Embrace, Extend, Extinguish is a strategy used by large tech companies to sabotage community-owned technology, which they rightly see as a threat to their ability to control users and dominate resources.

The earliest known use of this concept – described using the inaccurate term "innovate" instead of "extinguish" – is in a 1994 Microsoft (MS) memo regarding efforts to destroy the dominance of Netscape's web browser by "embracing" the web with Microsoft Internet Explorer (MSIE), "extending" web standards using technology that nobody else could support or keep up with, and thereby positioning MSIE as the "leading" browser defining the latest standards that all others had to copy in order to be fully compatible.

MS had previously tried this strategy in hardware when they tried to recapture control of the Personal Computer standard by replacing the then-industry-standard ISA card format with their own proprietary "microchannel" standard. This, fortunately, failed, and ISA was able to continue evolving (through EISA, PCI, etc.) into the standards we use today.

The battlefield in software, especially with regard to federated protocols, is unfortunately much more vulnerable to this technique:

  • In 2011, Google+ was able to capture the increasing interest in social networks and thereby divert resources and attention away from Diaspora, the first-ever federated social network.
  • Social media companies at first embraced XMPP (an open federated protocol for realtime chat) in the form of GTalk and Facebook Messenger, then later disabled federation after many XMPP users had abandoned open-source XMPP clients for the seemingly-friendlier interfaces offered by Google and Facebook. XMPP still exists, but is a ghost of its former self and an even larger ghost of what it could have been.
  • RSS feeds, which once dominated social media, were effectively killed off by Google's termination of Google Reader. RSS still exists, but is again a shadow of what it was even before Reader.
  • Email is currently under siege, as both Google (Gmail) and especially Microsoft (Outlook) increasingly block or auto-spam messages from independently-operated email servers.
    • Anecdote: I have not been able to send email to outlook.com addresses for a decade or more.

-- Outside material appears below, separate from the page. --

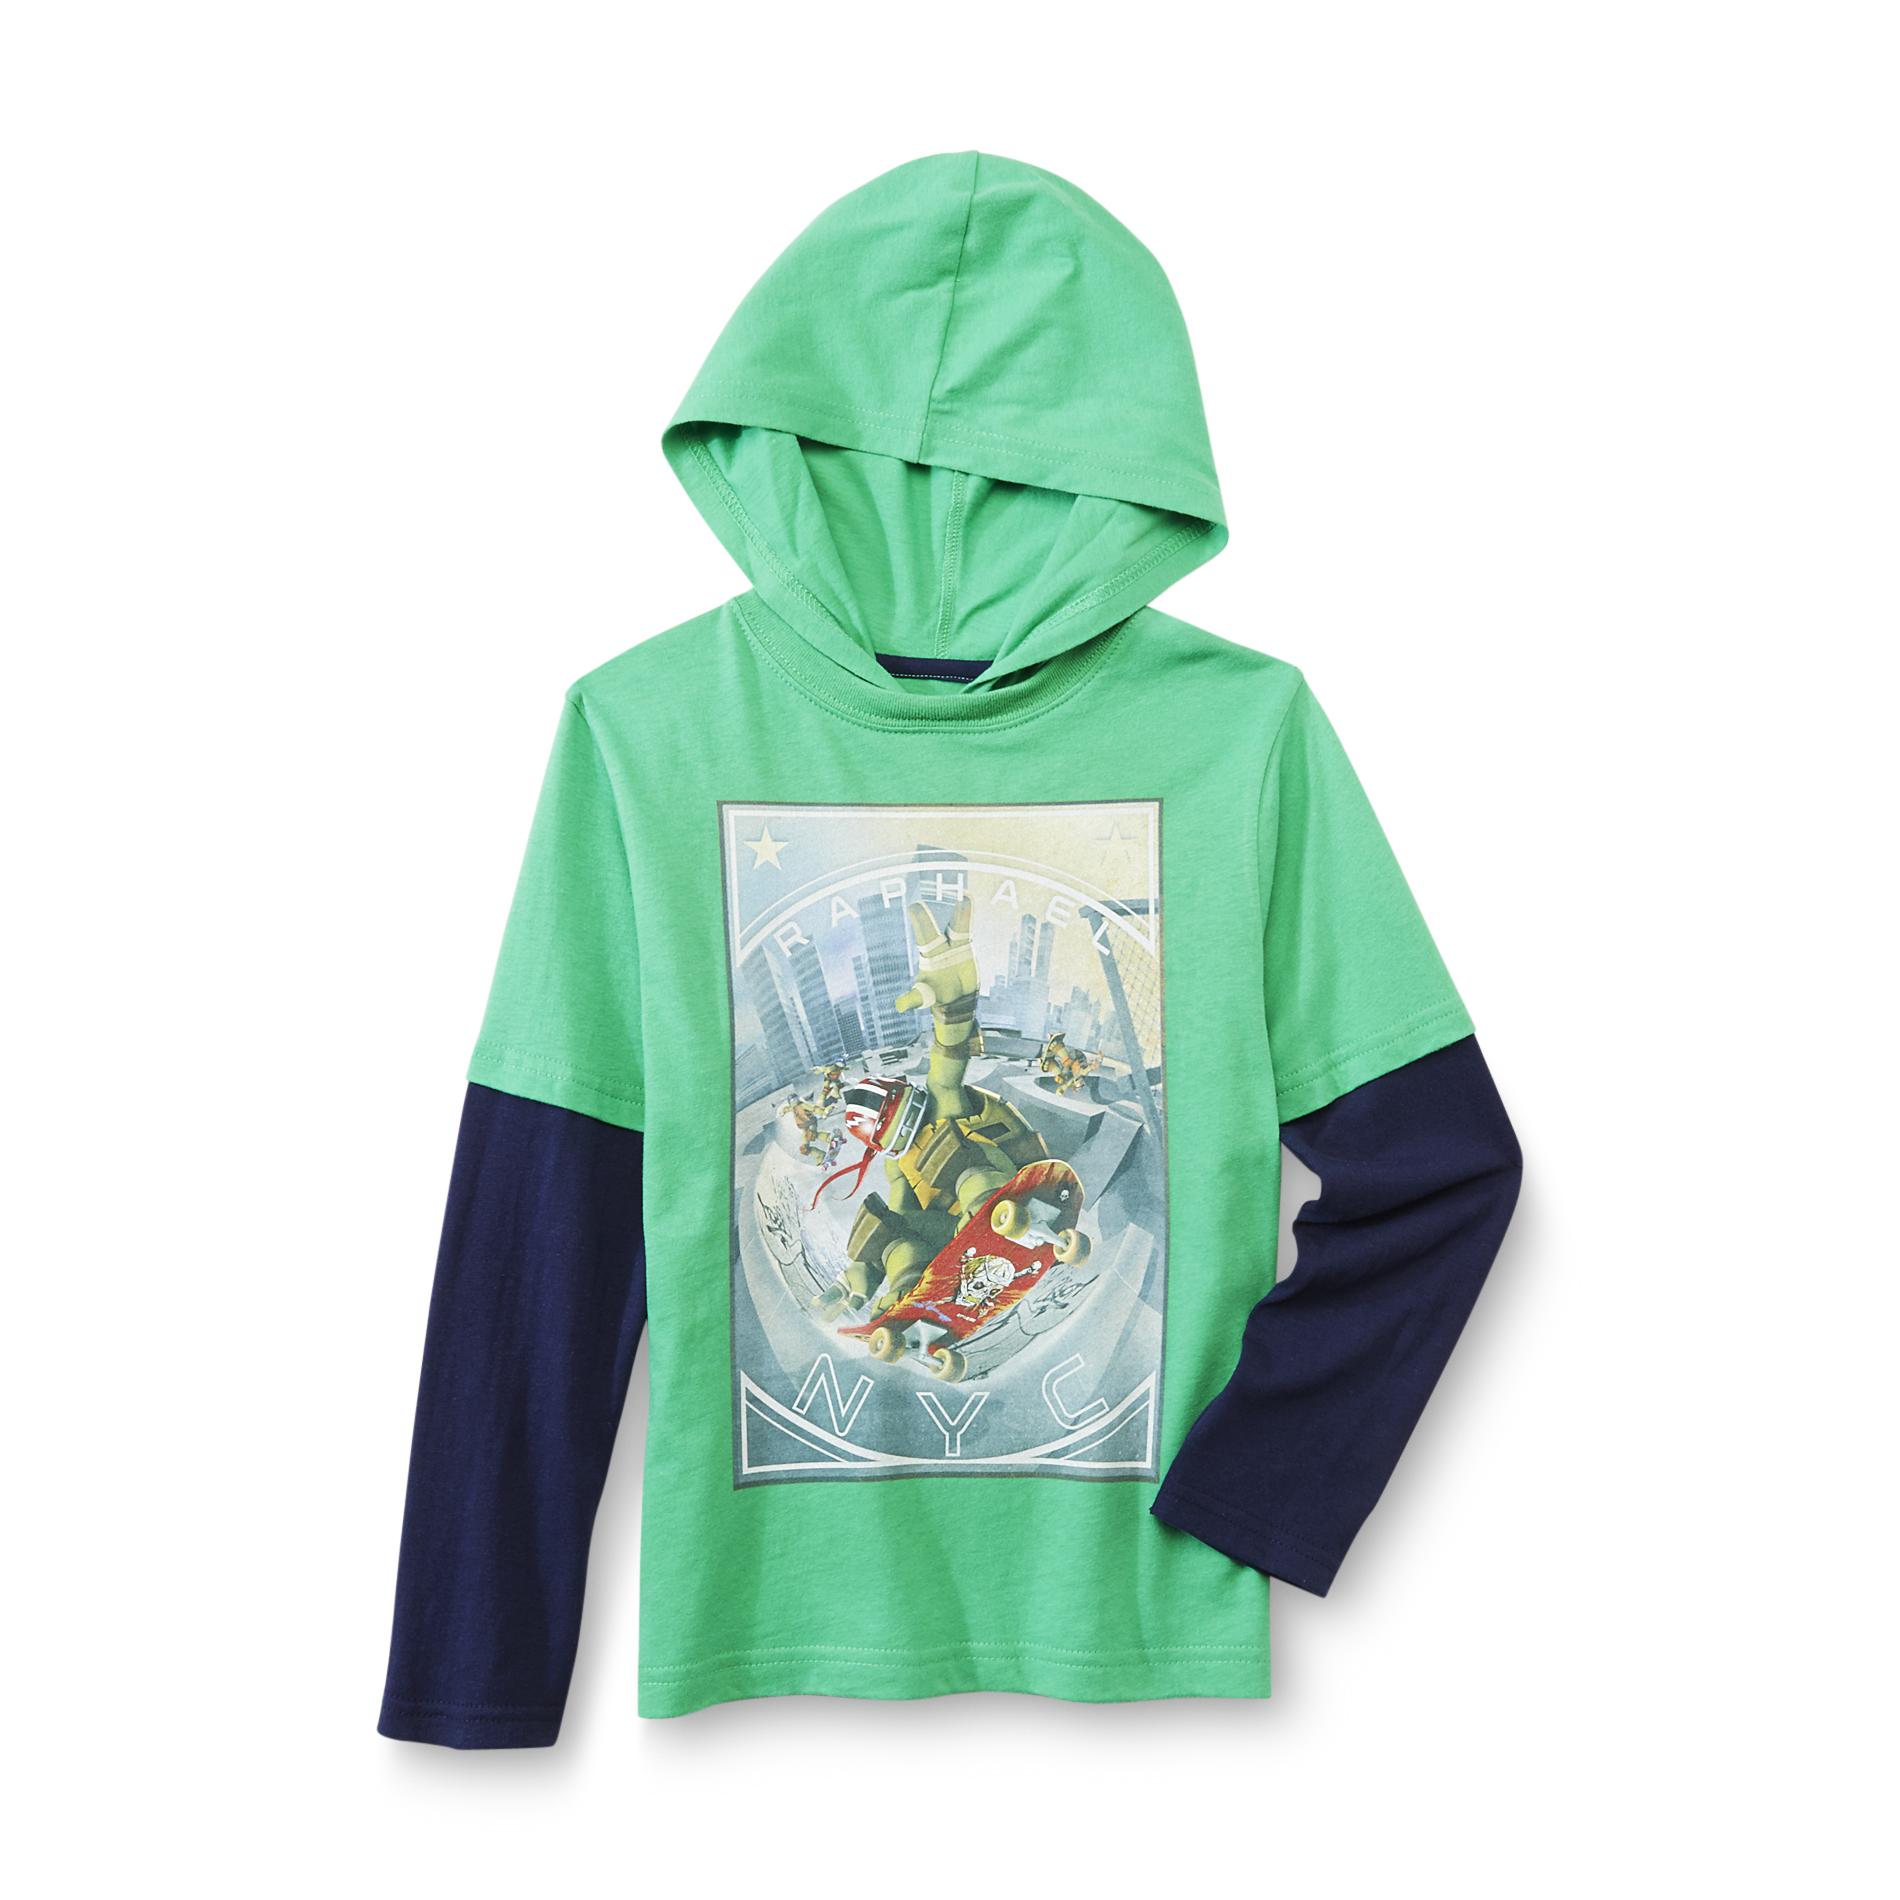 Nickelodeon Teenage Mutants Ninja Turtles Boy's Hooded T-Shirt

For several years, I thought my auldest friend was ghosting me, as I never got back any bounce messages (which is what servers are supposed to do when they reject an incoming message); it was only when I enabled "Delivery status notification" (something that is not supported by many email clients) that I was able to determine that Outlook was in fact silently rejecting them. Further research found that MS does not offer any clear explanation of why they are doing this, much less how to get greenlisted so they will stop. --Woozle

While we don't yet know whether Meta Threads or BlueSky intend to pursue this strategy, it is easy enough to imagine how to apply any or all of the above techniques to the ActivityPub protocol and fediverse – and there is absolutely no reason to think that doing so isn't among their plans.